Sunday, April 9, 2017

Very Pure Chemicals

Over the winter, the more than 80,000 artificial chemicals in common use that have entered our environment, did not go into hibernation. They were still in the air we breathe, the water we drink, and the foods grown in the Southern Hemisphere. [For such accounting, Mexico is in the Southern Hemisphere.] Soon, the farmers in the US will start planting genetically engineered (GMO) seeds and spraying pesticides and herbicides like Roundup.

In a sneak attack, Monsatan (er, Monsanto) has slyly convinced farmers, especially the industrial  farms raising single crops, to plant GMO corn, GMO soy, GMO canola (still called rapeseed in Canada), GMO cotton, GMO sugar beets, and GMO alfalfa. In fact, over 90% of these crops that are grown in the US are genetically engineered to be resistant to the chemicals in Roundup and such friends, but to kill everything else – grasses, weeds, dandelions … earthworms? bees? butterflies?

Monsanto and the other Big Biotechs have enlisted the help of rogue wordsmiths to find synonyms for those words of the trade that might turn off fussy consumers. So far as I know, no poets have accepted their employment. Yet, they have come up with: bovine somatotropin (BST) to replace bovine growth hormone, genetic modification (GMO) for genetic engineering, and pure canola for rapeseed oil (packaged in plastic bottles, not glass).

The FDA, the supposed guardian of consumers, doesn’t do its own research on the safety of the products that we eat or use on our bodies. It relies on the research submitted by the companies that apply for FDA approval – studies financed by the chemical giants who have been known to cut the funding of any research, before completion, that looks like it may demonstrate harm from GMO foods. Speak of the fox guarding the chicken coop. 

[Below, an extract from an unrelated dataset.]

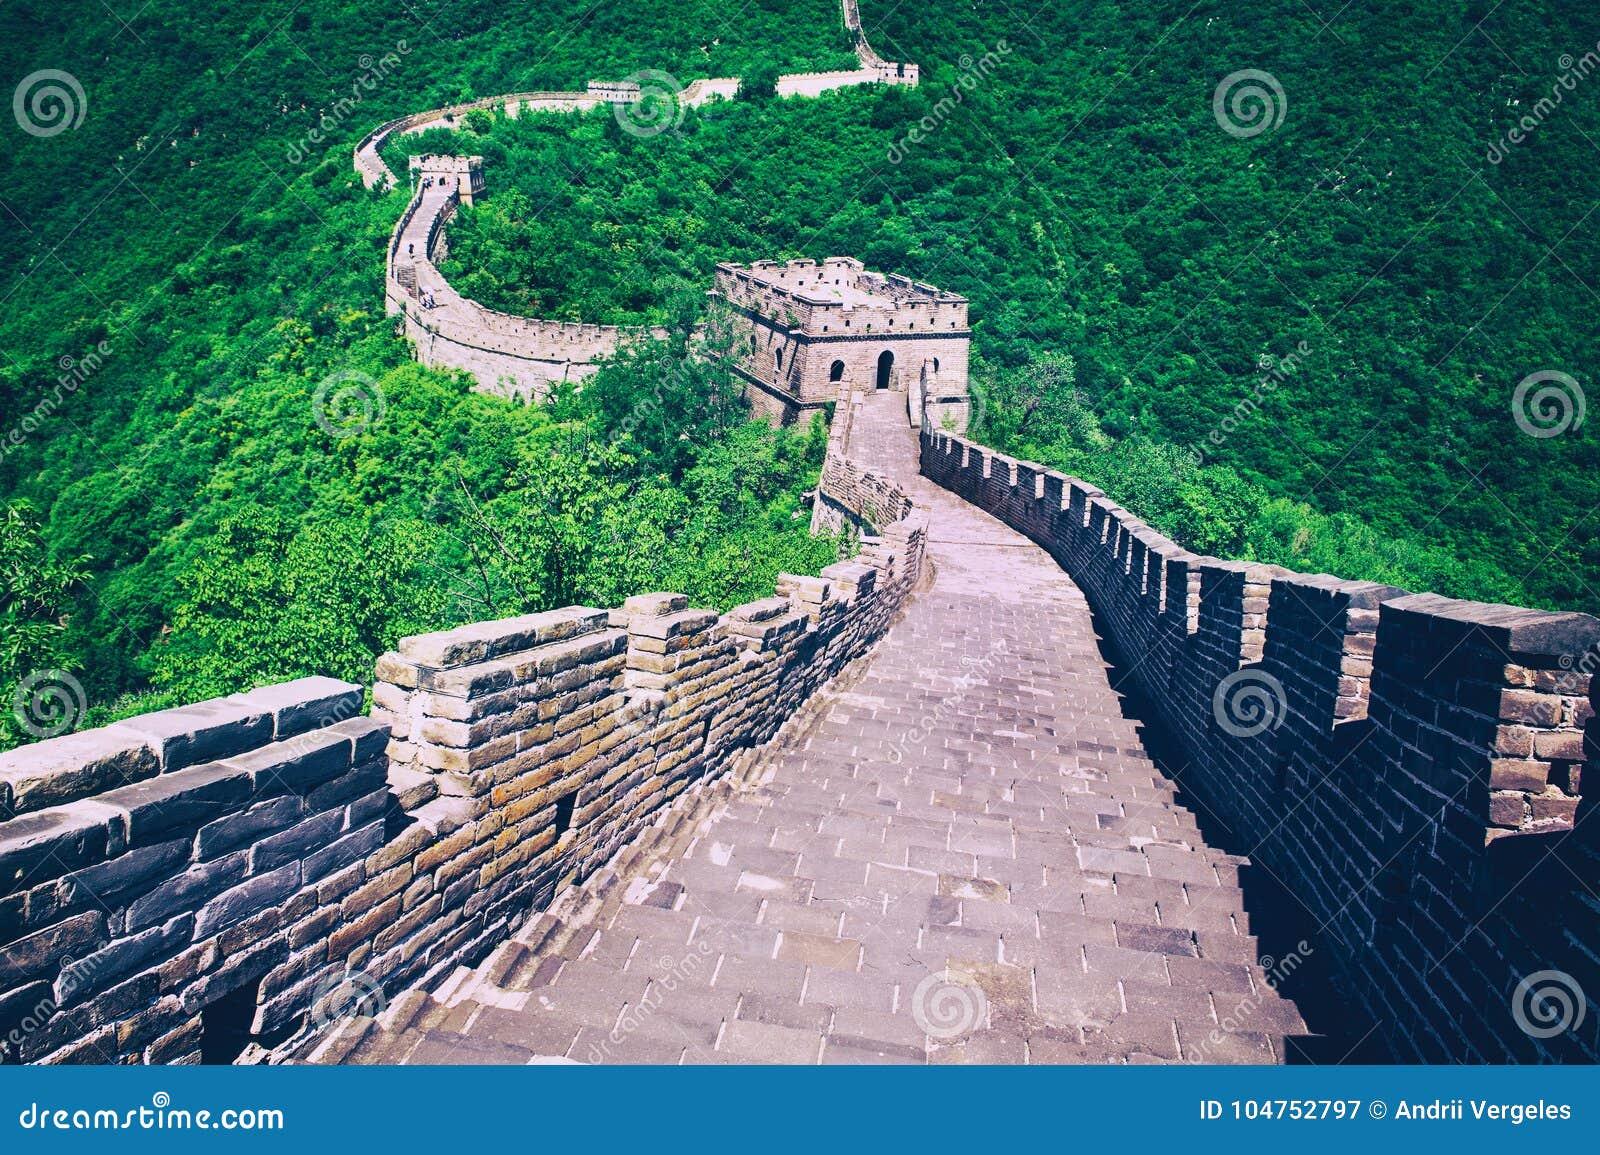 La Gran Muralla de China La Gran Muralla de China es una serie de fuerte

Independent research, largely done in UK, Germany, Italy, Austria, and Australia, has indeed shown: severe inflammation of the stomach lining, tumor formation of the intestinal wall, interference with reproductive function, and suppression of the immune system — of mammals that are fed GMO food.

When a small experimental plot in California was found to contain GMO wheat, despite Monsanto’s promises to the wheat farmers of the mid-west, their substantial wheat exports to South Korea, Taiwan. and Japan were cancelled by these Asian countries.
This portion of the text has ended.